Like I've said before, this isn't an argument against fractional reserve banking. This is an argument against the issuance of inside money (paper banknotes). You then said that it didn't make sense to introduce techniques to avoid counterfeit note production, but I responded that this criticism is nonsensical since competition is what drives firms to accept higher costs, as long as they can still profit sufficiently from selling the product (which is what a paper banknote is).
That a counterfeiter has more to gain from producing a fake note than a bank producing a real note (whether true or not) is absolutely irrelevant.
Regarding fractional reserve banking, which is a topic I've tried to avoid arguing on this thread (except for the last post), you have to consider the possibility that the risk of not being able to cope with an increase in interbank clearings falls proportionally to the fall in the volume of returning bank notes (a byproduct of an increase in demand for money). If you don't think this is true, then you have to explain why not.
Daniel,
Who is?
The OP. (I should have specified)
@OP:
It would not be "illegal" to make gold-plated tungsten coins in a private law society so long as you did not deliver them on an explicit understanding that they are, in fact, gold coins (then it is definitely fraud). The rule in a free market is "buyer beware".

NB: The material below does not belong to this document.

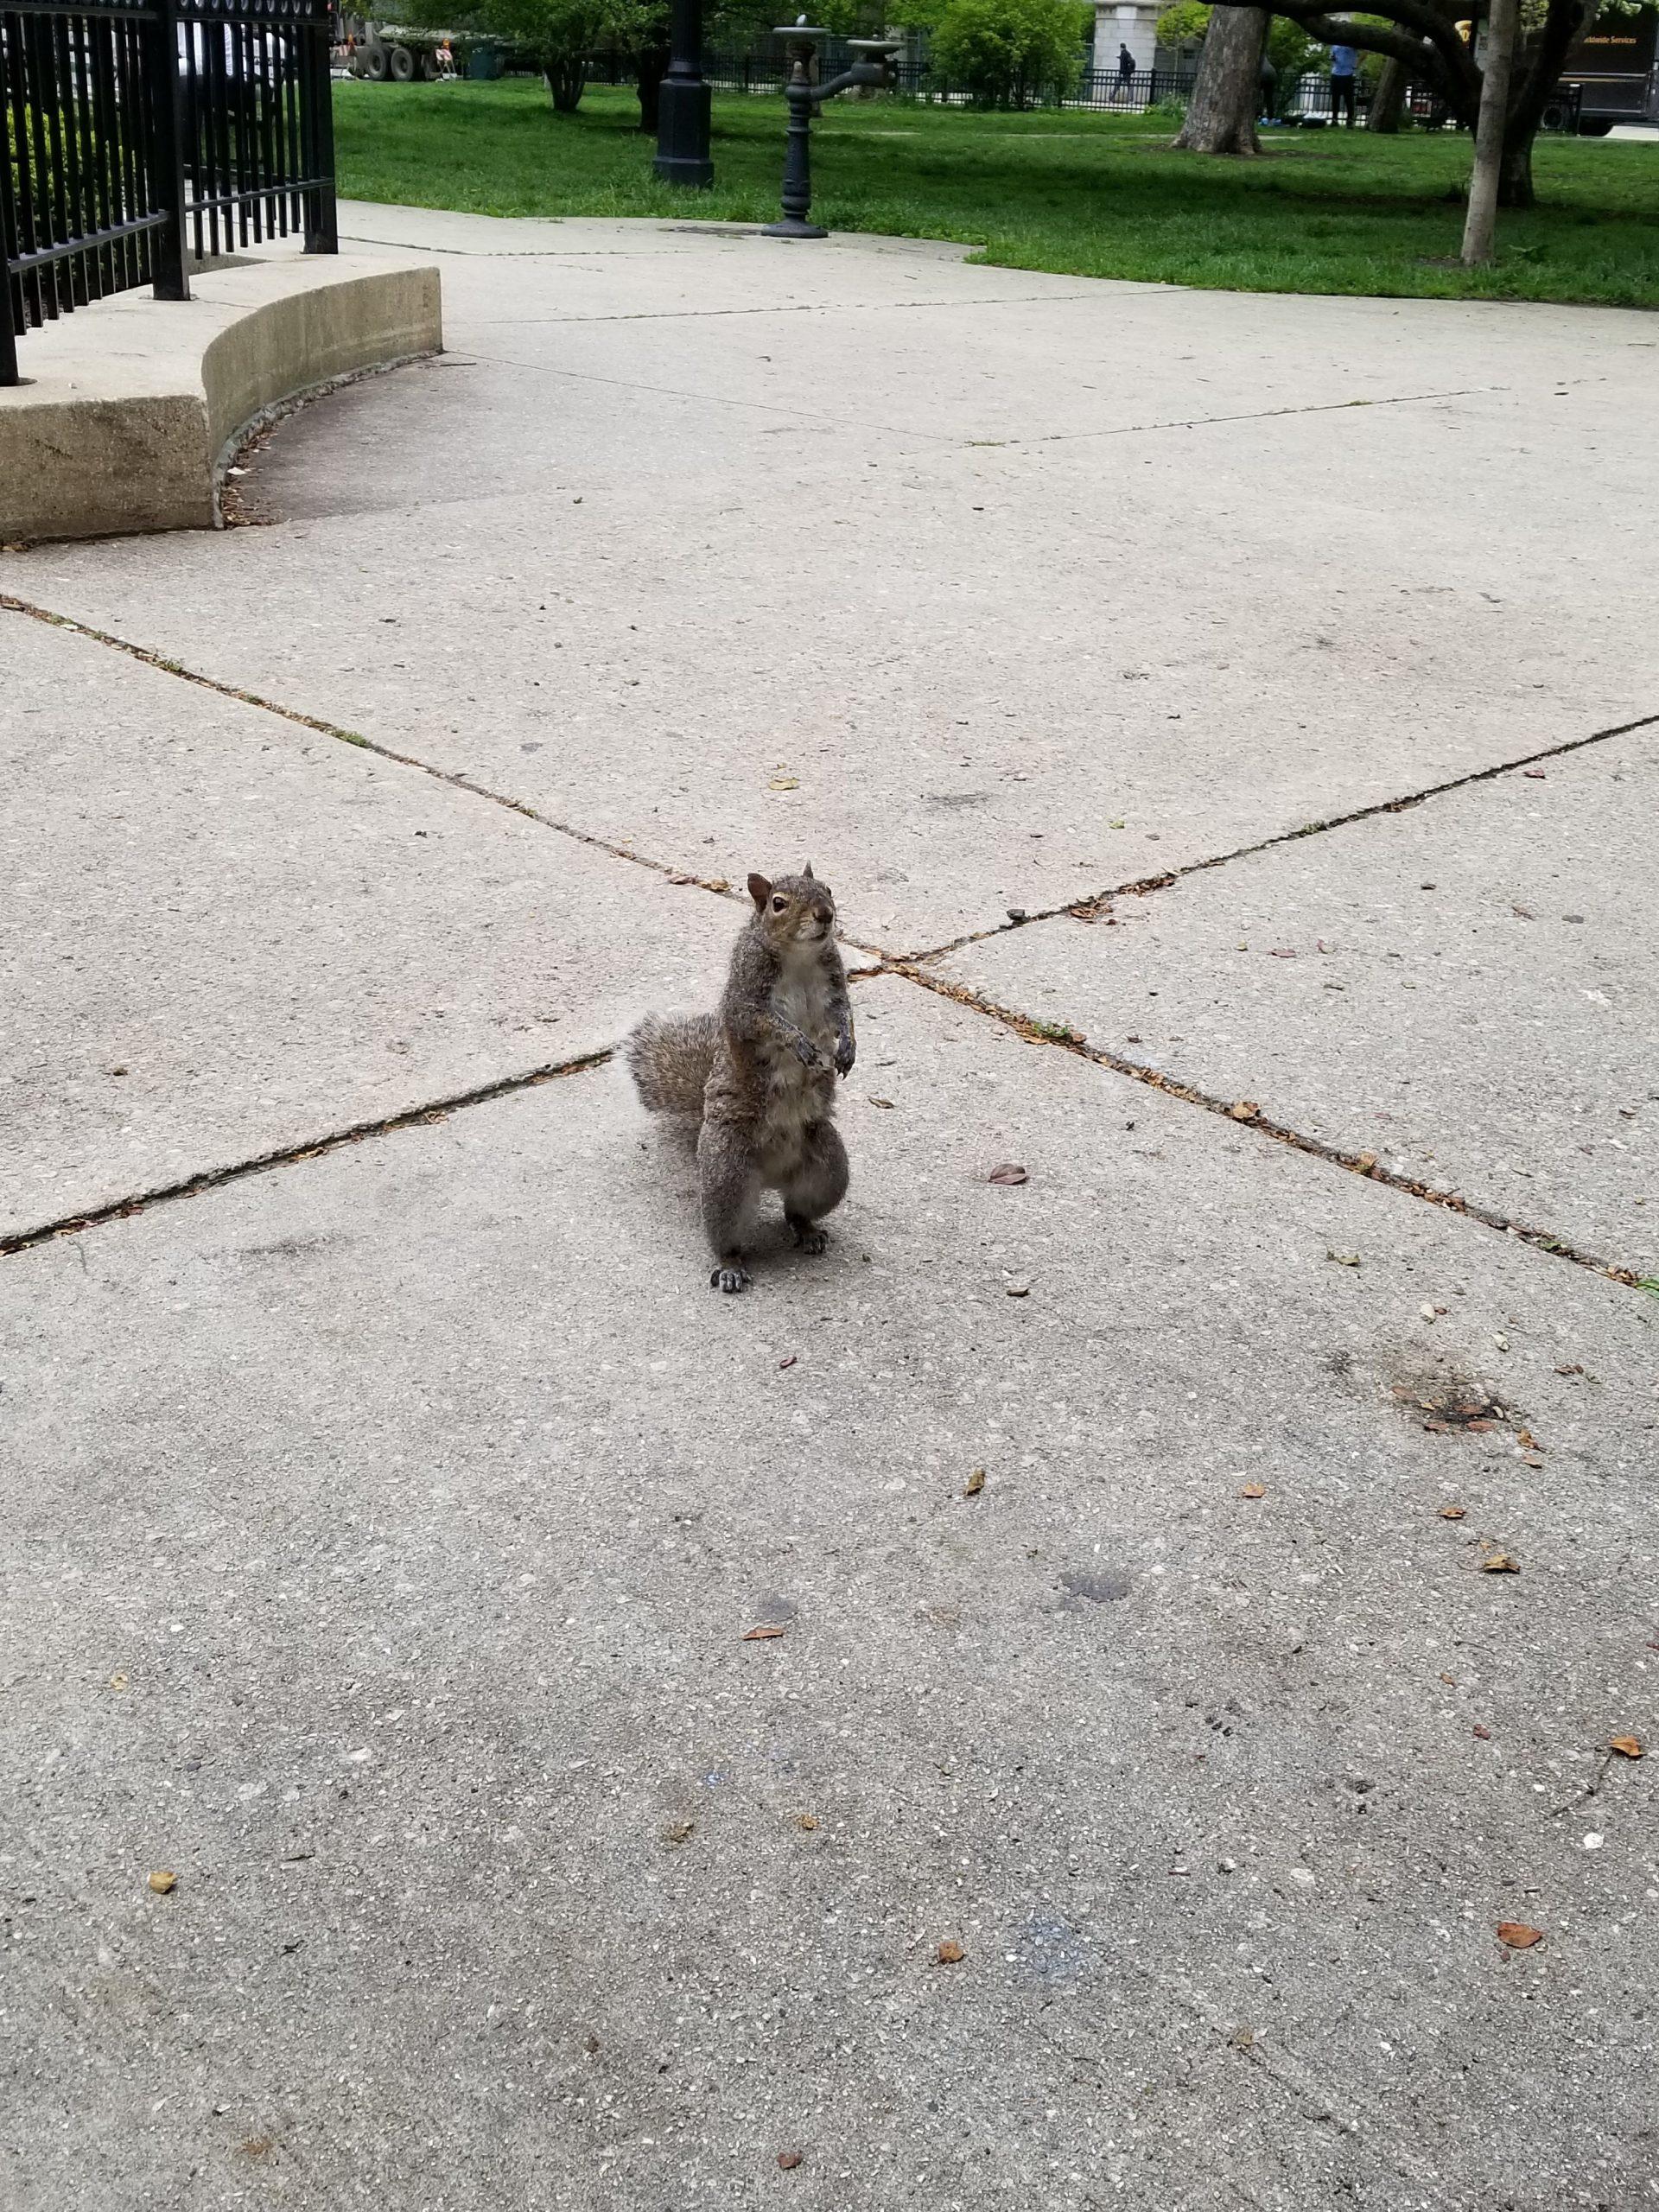 A not-quite-squirrelly squirrel

Similarly, it would not be illegal to issue fractional-reserve notes so long as the notes do not explicitly claim full-reserve status. I don't think notes from fractional-reserve banks would be any more desirable to consumers in a free market than gold-plated tungsten coins. Assayers certify the quality of gold bars and coins can be checked in various ways to ensure they are "the real deal." I imagine there would be an industry of banknote certification companies which would verify that your note is, in fact, fully backed by whatever it is supposed to be backed by. Faced with two customers holding a "gold gram note", one certified and one uncertified, which do you think I, as a vendor, will prefer? Gresham's Law operates in reverse in a free market in the production of money.